Gertrude, with her eyes on his, shook her head. "I don't care for the great questions of life. They are much beyond me."
"There was a time when you did n't say that," said Mr. Brand.
"Oh," rejoined Gertrude, "I think you made me talk a great deal of nonsense. And it depends," she added, "upon what you call the great questions of life. There are some things I care for."
"Are they the things you talk about with your cousin?"
"You should not say things to me against my cousin, Mr. Brand," said Gertrude. "That is dishonorable."
He listened to this respectfully; then he answered, with a little vibration of the voice, "I should be very sorry to do anything dishonorable. But I don't see why it is dishonorable to say that your cousin is frivolous."
"Go and say it to himself!"
"I think he would admit it," said Mr. Brand. "That is the tone he would take. He would not be ashamed of it."
"Then I am not ashamed of it!" Gertrude declared. "That is probably what I like him for. I am frivolous myself."
"You are trying, as I said just now, to lower yourself."

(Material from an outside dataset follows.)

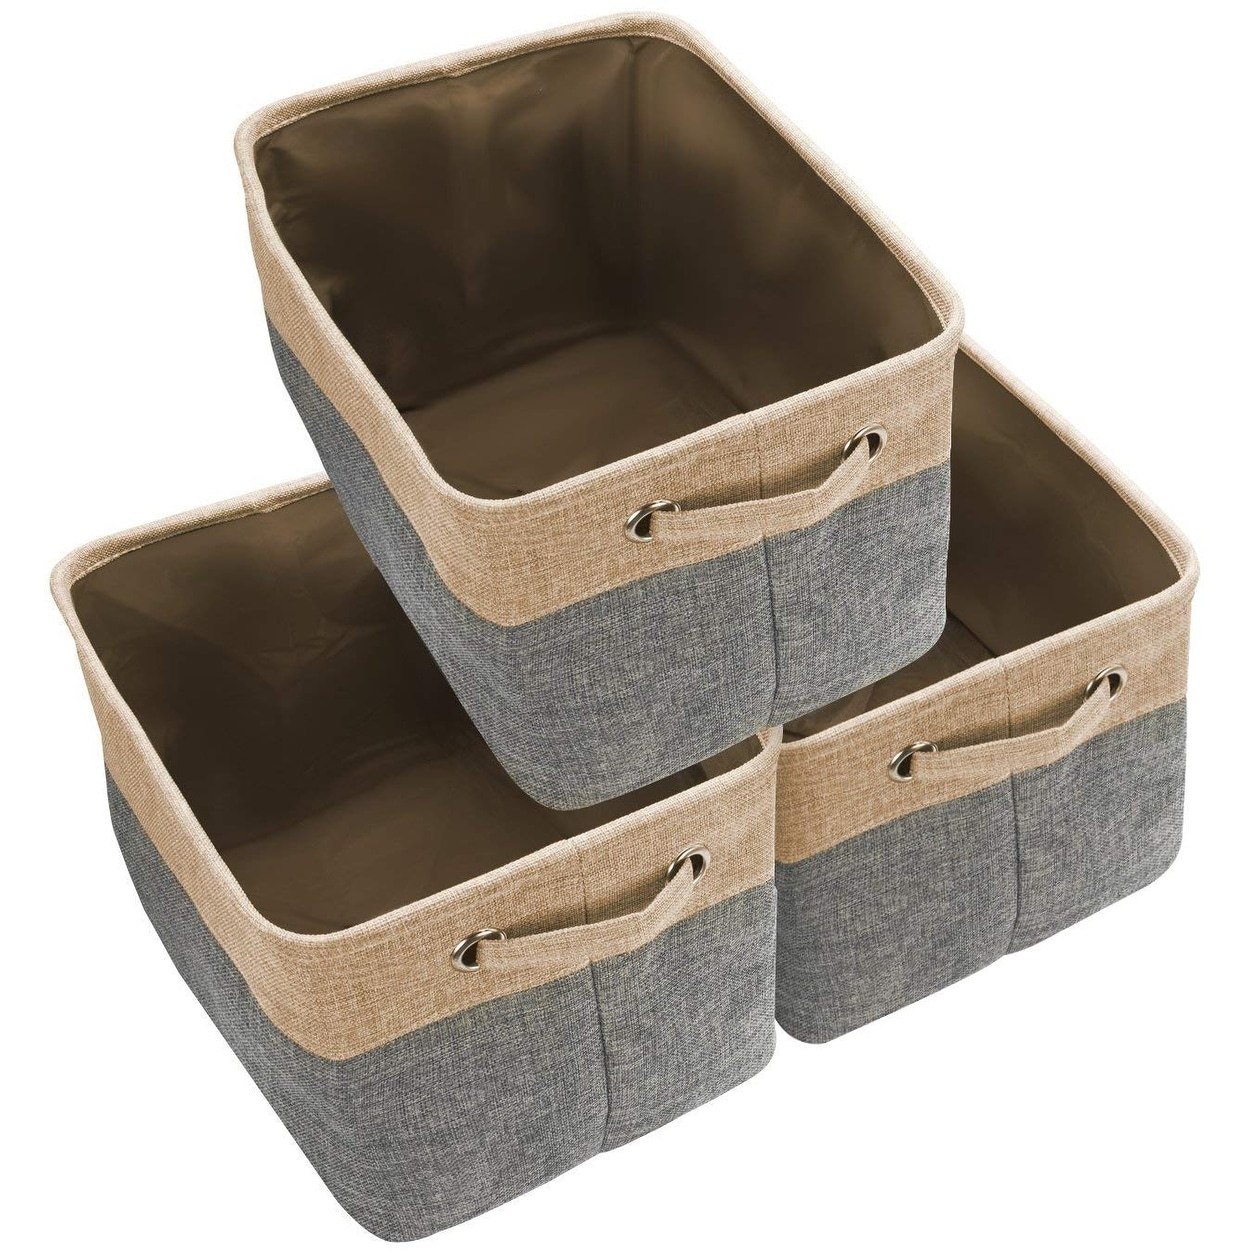 GRANNY SAYS Clothing Storage Bins for Closet with Handles, Foldable  Rectangle Baskets, Fabric Containers Boxes for Organizing Shelves Bedroom,  Gray, Large, 3-Pack

"I am trying for once to be natural!" cried Gertrude passionately. "I have been pretending, all my life; I have been dishonest; it is you that have made me so!" Mr. Brand stood gazing at her, and she went on, "Why should n't I be frivolous, if I want? One has a right to be frivolous, if it 's one's nature. No, I don't care for the great questions. I care for pleasure--for amusement. Perhaps I am fond of wicked things; it is very possible!"
Mr. Brand remained staring; he was even a little pale, as if he had been frightened. "I don't think you know what you are saying!" he exclaimed.

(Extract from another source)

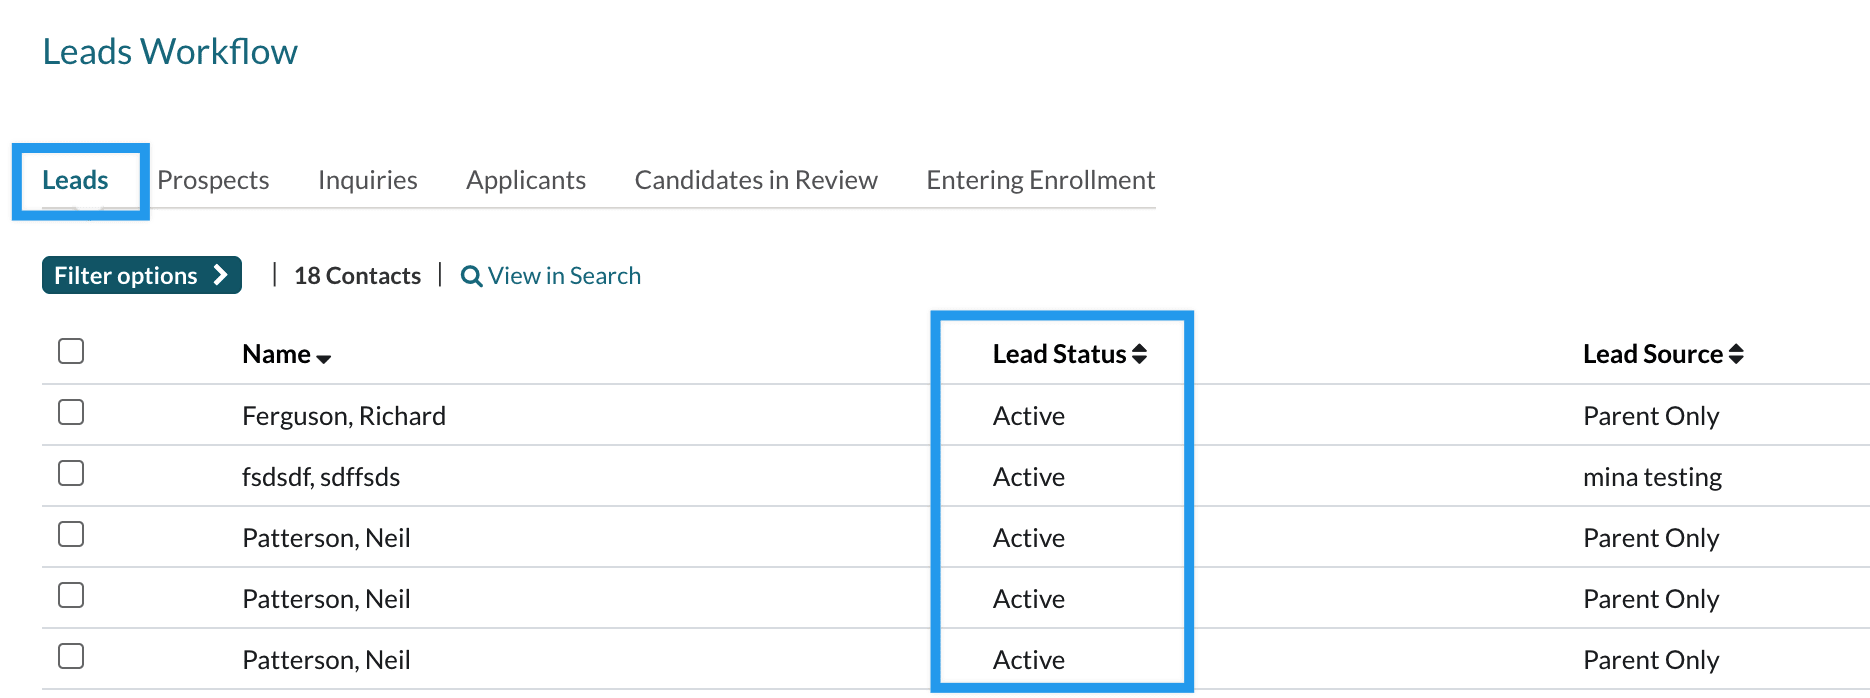 Lead Workflow page with the Lead Status column highlighted.

"Perhaps not. Perhaps I am talking nonsense. But it is only with you that I talk nonsense. I never do so with my cousin."
"I will speak to you again, when you are less excited," said Mr. Brand.
"I am always excited when you speak to me. I must tell you that-- even if it prevents you altogether, in future. Your speaking to me irritates me. With my cousin it is very different. That seems quiet and natural."
He looked at her, and then he looked away, with a kind of helpless distress, at the dusky garden and the faint summer stars. After which, suddenly turning back, "Gertrude, Gertrude!" he softly groaned. "Am I really losing you?"
She was touched--she was pained; but it had already occurred to her that she might do something better than say so. It would not have alleviated her companion's distress to perceive, just then, whence she had sympathetically borrowed this ingenuity. "I am not sorry for you," Gertrude said; "for in paying so much attention to me you are following a shadow--you are wasting something precious. There is something else you might have that you don't look at-- something better than I am. That is a reality!" And then, with intention, she looked at him and tried to smile a little. He thought this smile of hers very strange; but she turned away and left him.